Creamy Cheesy Kale
Truly creamy. Creamy cheesy kale makes for a great side dish.
It’s low in sodium and a great way to increase your vitamin intake. You can substitute swiss chard or spinach or any other green leafy vegetable in place of the kale. In fact, if you’re daring, through in some pasta to transform it into a cheesy creamy main meal. Serves 4 Takes: 20 minutes
1 cup low-sodium vegetable broth
1 white onion, finely chopped
1 cup unsweetened soy milk
1/2 cup raw cashews
3 heaped tablespoons nutritional yeast
1 teaspoon onion powder (optional)
1 teaspoon mellow white miso
Pinch of freshly grated nutmeg
Pinch of red pepper flakes
3 big handfuls of kale / chard or another dark, leafy green
In a large skillet over medium heat, combine the vegetable stock and diced white onion.

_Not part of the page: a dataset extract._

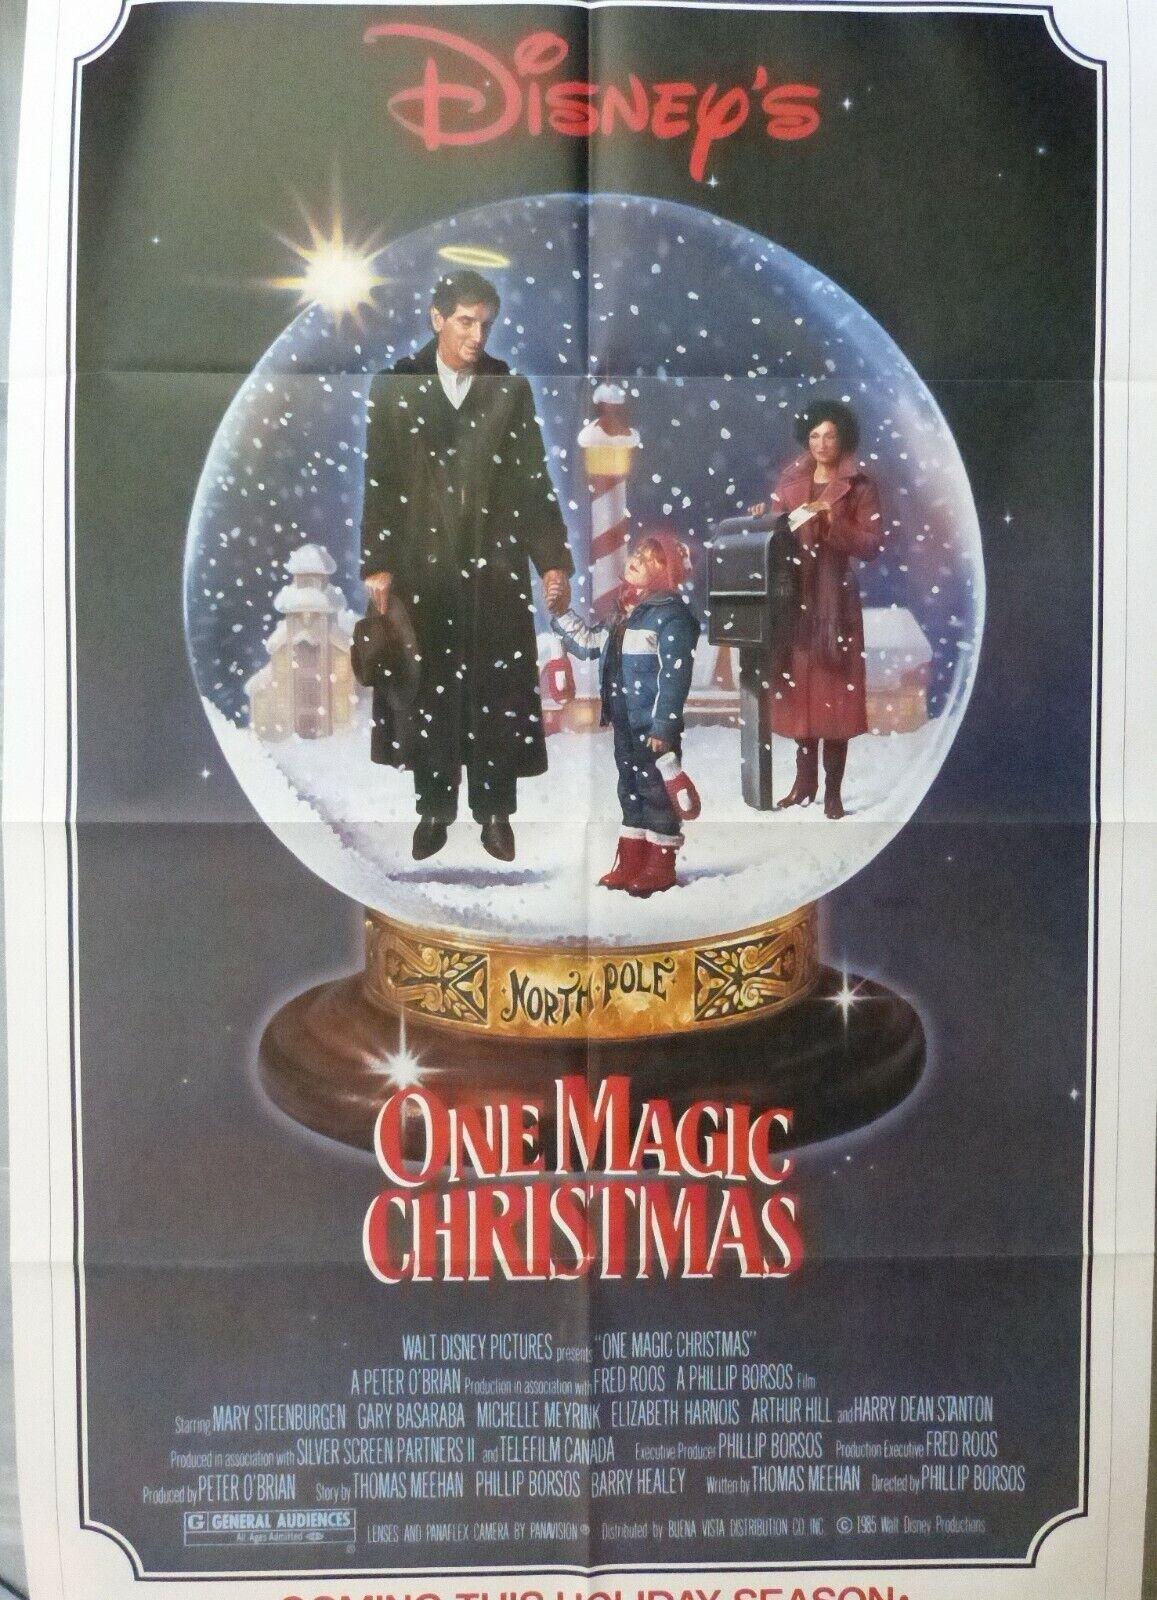 One Magic Christmas Movie Poster,1985,1-Sheet,Original,Arthur Hill

Cook until softened for 5 to 7 minutes. Wait till it cools and transfer to a blender. Add to the blender the soy milk, cashews, nutritional yeast, onion powder, miso, nutmeg and pepper flakes and purée until smooth. Lick the spoon.
Transfer the blended mixture back to the skillet (no need to clean it) and bring to a simmer over medium heat. Having removed the stalks of the kale, add and combine to the skillet. Continue simmering, tossing often until kale is just tender which is about 5 minutes. Leave to cool a few minutes then serve hot.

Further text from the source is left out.